Le 109 : Pôle de cultures contemporaines - ville de Nice

UN JOUR, UNE ŒUVRE #8 : KIOSQUE À MUSIQUE À RABAT, 1989

UN JOUR, UNE ŒUVRE #8 : KIOSQUE À MUSIQUE À RABAT, 1989

Lorsque la Ville de Nice a reçu le fonds d'archives privées de l'architecte Guy Rottier (1922-2013) — à l'initiative du Forum et avec les contributions décisives du service des Archives et du MAMAC —, l'engagement a été pris de rendre ces quelques huit mille pièces accessibles au public, au fur et à mesure que de leur inventaire et catalogage. En trois ans, deux expositions au Forum et une exposition hors les murs ont déjà permis de lever le voile sur ces témoignages, pour la plupart inédits, de la pensée et de l'œuvre d'un des architectes niçois les plus singuliers.
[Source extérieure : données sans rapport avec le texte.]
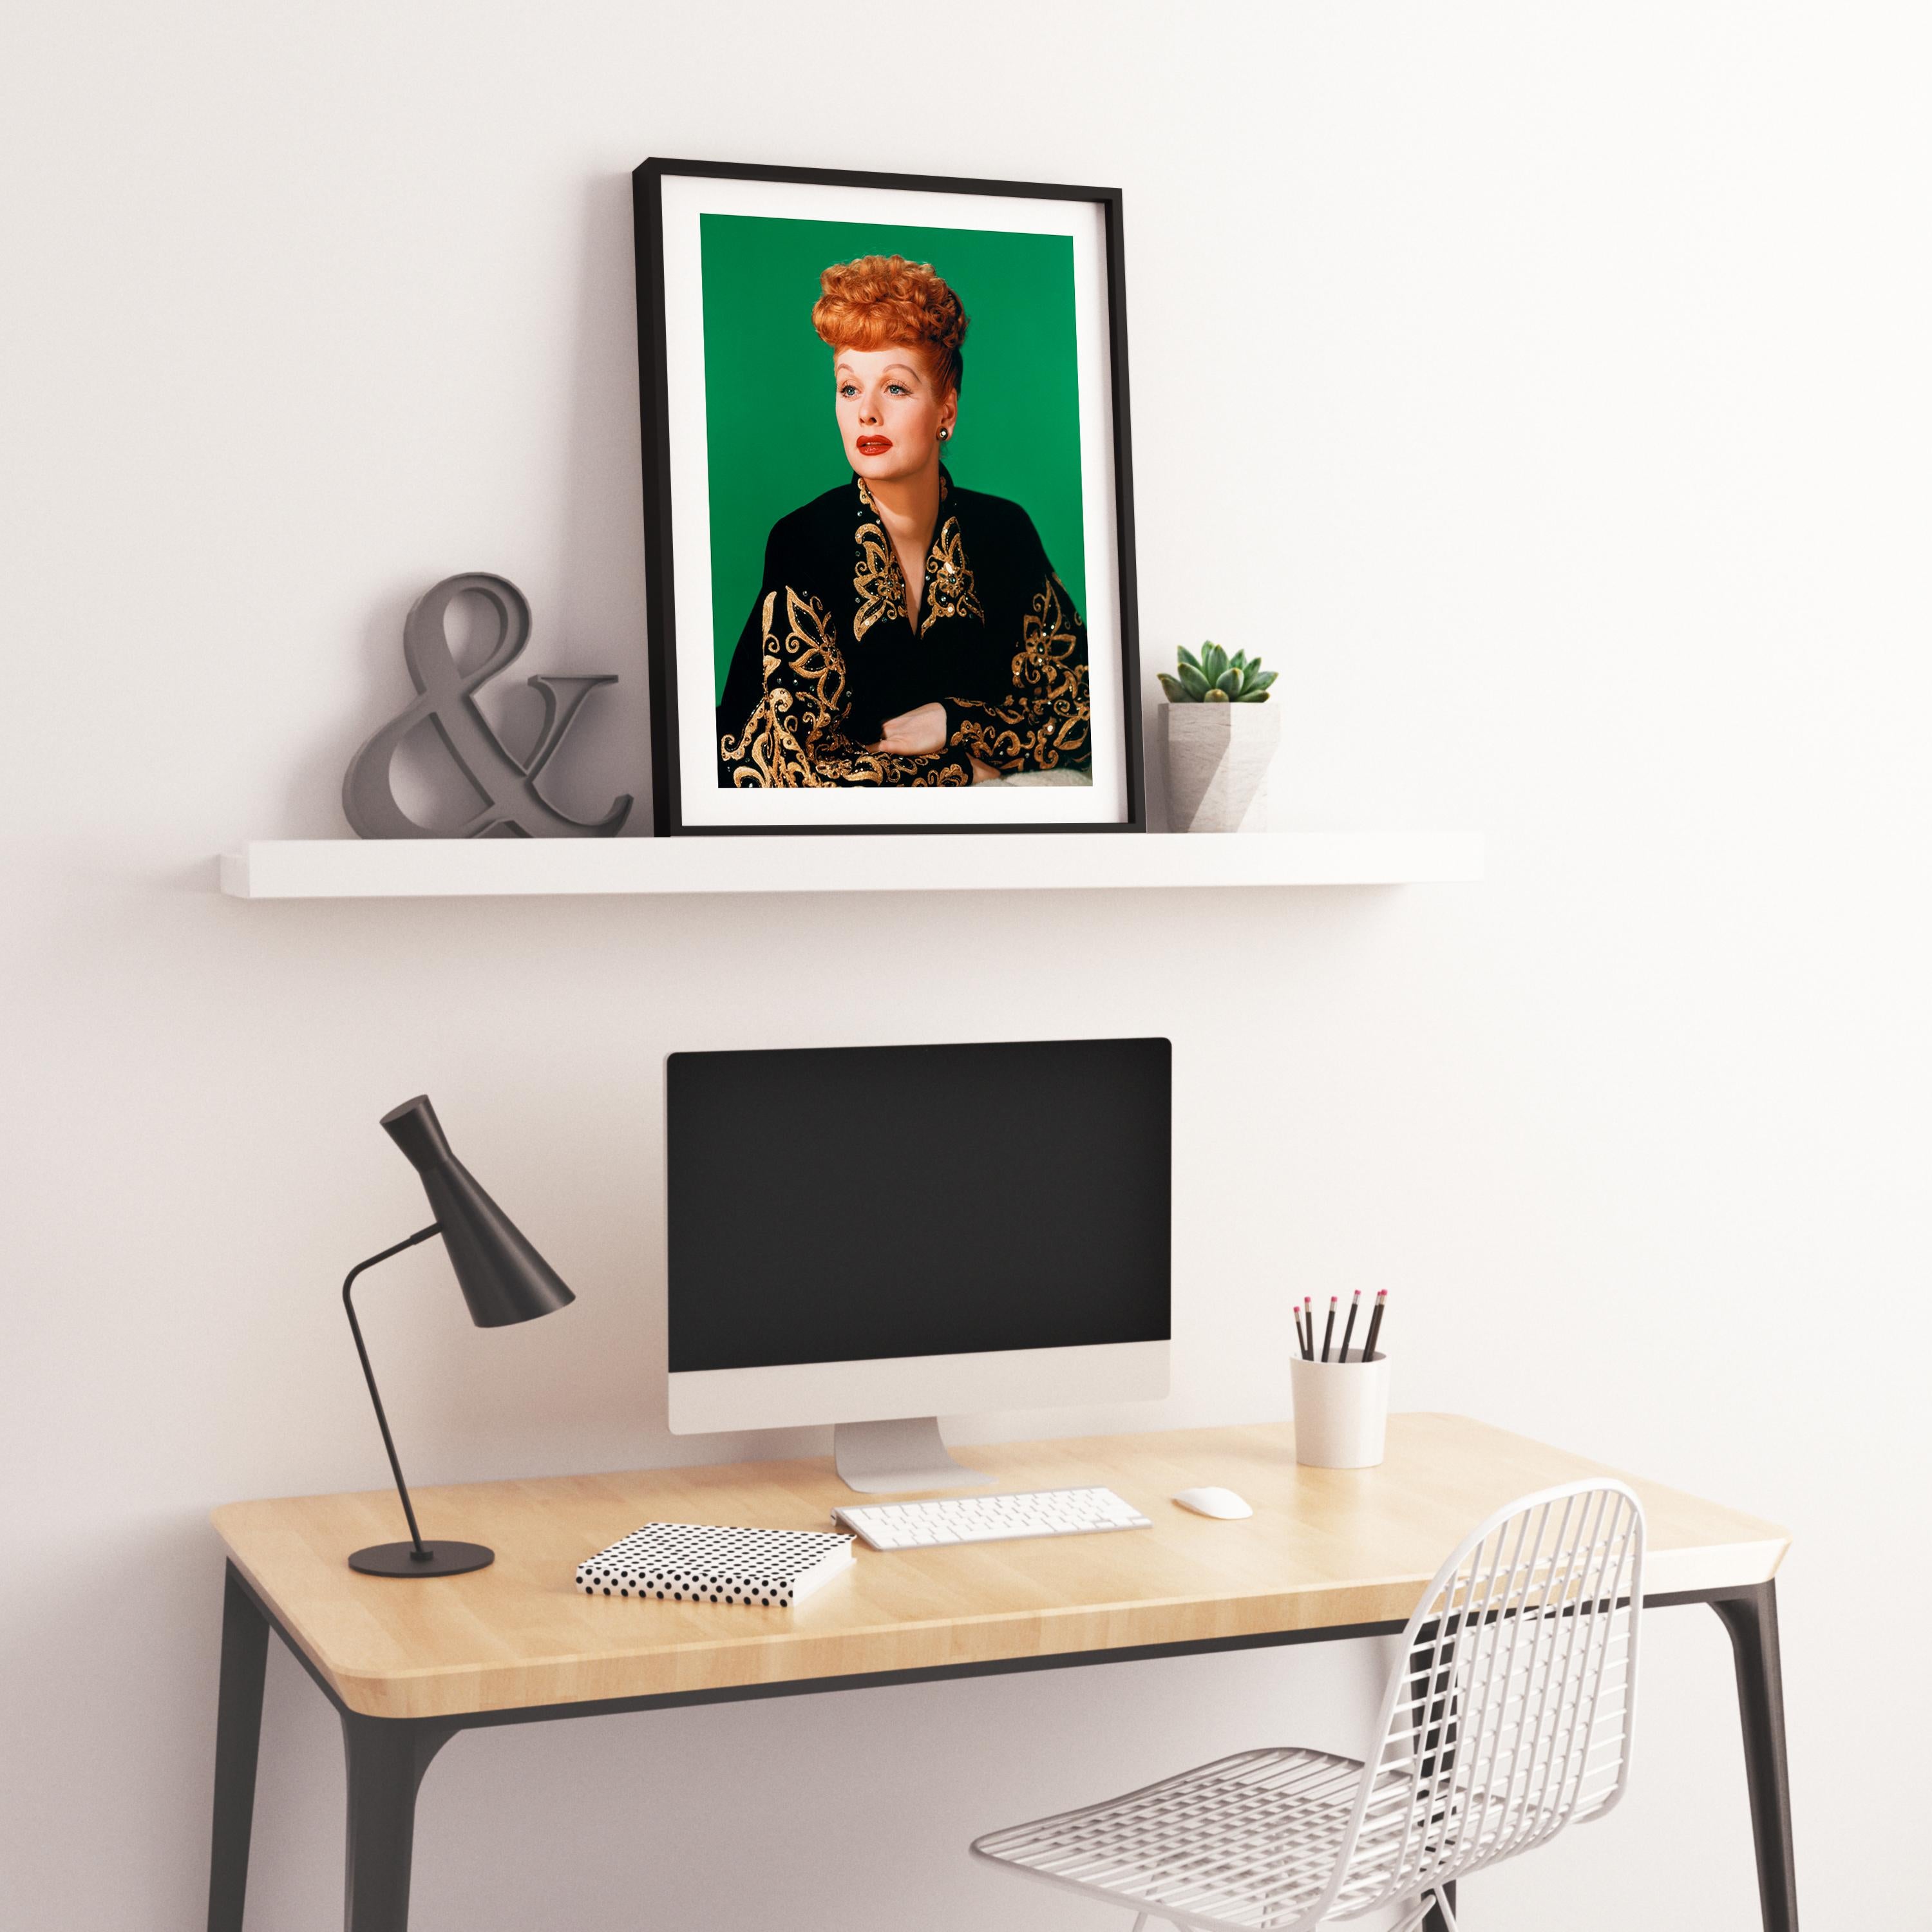 This awesome color capture features Lucille Ball posed in the studio, smiling against a green background.

Lucille Ball was an American actress, comedian, model, entertainment studio executive, and producer. She was the star of the self-produced

Avec "Un jour, une œuvre", nous donnons à voir dix-huit pièces comme autant de "coups de cœur" qui, par la variété même de leurs formes, de leurs supports et de leurs contenus, illustrent la construction des idées de Guy Rottier et du cheminement de sa pensée, véritable machine à idées de l'architecture du xxe siècle.

#8 : Kiosque à musique dans un jardin public, Rabat (photographie, auteur non crédité)

Guy Rottier vécut et enseigna à Rabat pendant presque toute la décennie 80. Il y réalisa quelques projets, notamment à Touarga, enclave dans le territoire de la capitale marocaine sur laquelle sont implantés le palais royal et certains ministères d'importance.

Après un précédent projet inabouti de théâtre de verdure pour la Fondation Maeght à Saint-Paul de Vence pensé à la fin des années soixante avec le compositeur Karlheinz Stockhausen, il reprend ici, à une échelle moindre, la thématique d'un lieu ouvert pour la musique. Il s'agit cette fois d'un petit aménagement dans un jardin public, comportant une scène comme soulevée au-dessus d'une surface d'eau et quatre murets de soutènement intégrés au jardin, faisant office d'assises complétant la typologie d'un petit auditorium à ciel ouvert. Abrité sous quatre corolles de béton supportant un jardin lui aussi en suspension, l'ensemble joue sur un brouillage des formes entre le bâti et le végétal.